Un paradoxe revient régulièrement : l’interdiction en France de produits tels que les OGM, certains pesticides ou les hormones de croissance, tandis que ces mêmes substances continuent d’être tolérées dans des produits alimentaires importés.

Fabrice Dalongeville, président de l’association des maires ruraux de l’Oise, en a fait le constat après des échanges suscités par une projection du film documentaire Mes doléances (2024), de la réalisatrice et scénariste lilloise Hélène Desplanques. «La question du réchauffement climatique est omniprésente et, avec elle, celles de l’agriculture, de la protection de la biodiversité et du bien-manger», observe-t-il.

Au-delà des grandes orientations structurelles, les citoyen·nes formulent des propositions concrètes : le retour de la consigne pour les bouteilles en verre, l’extinction des vitrines et des éclairages de magasins en dehors des heures d’ouverture, ou encore la taxation des revenus locatifs en fonction de la performance énergétique des logements. Cette dernière mesure pourrait être couplée, est-il suggéré, à une aide spécifique pour les petits propriétaires, afin qu’elles et ils puissent rénover leur bien sans être pénalisé·es.

Une question demeure, pourquoi aucun parti politique ne s’est réellement emparé de ce précieux reflet des attentes populaires lors des différentes échéances électorales ?

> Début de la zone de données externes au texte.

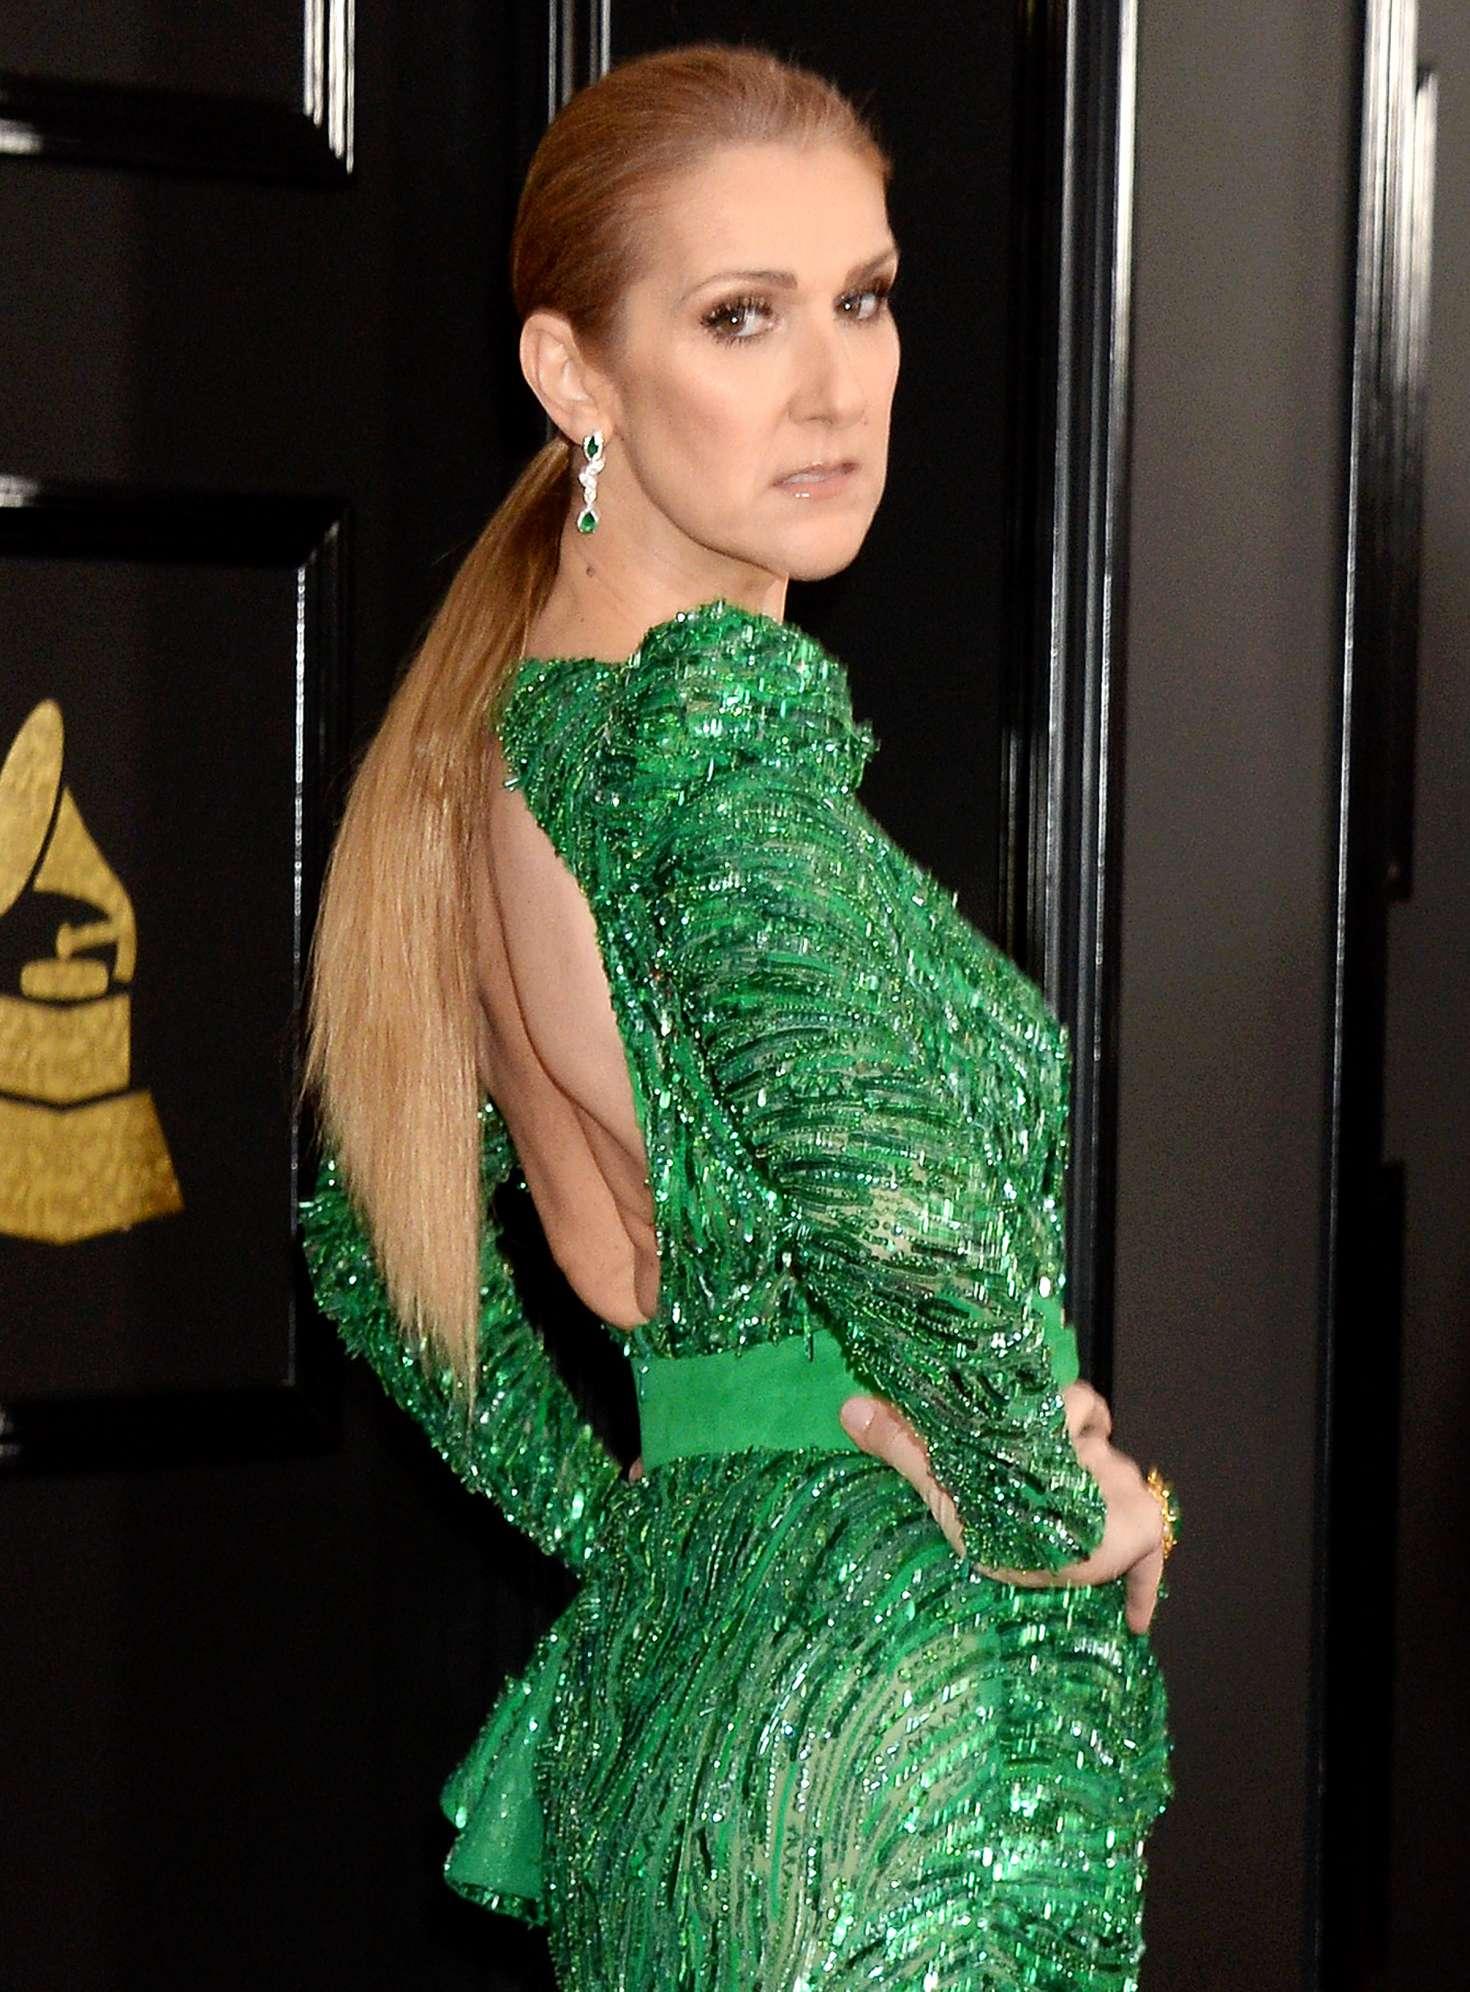 Celine Dion 10 Days - Celine Dion Songs Age

Pour Gilles Proriol, la réponse est sans ambiguïté : «Ce corpus est le programme idéal des Français, mais il porte une vision politique qui n’est pas compatible avec le projet présidentiel. Il n’est pas libéral. Et, même à gauche, certains ont mal réagi lorsque j’ai présenté ma synthèse à l’Assemblée : ils ne supportent pas que les idées viennent d’en bas.»

Un constat que partage la documentariste Hélène Desplanques, qui a longuement travaillé sur ce matériau citoyen : «De la même façon que l’on doit réparer la planète, on doit réparer nos liens. Et les doléances sont un outil puissant de réparation.»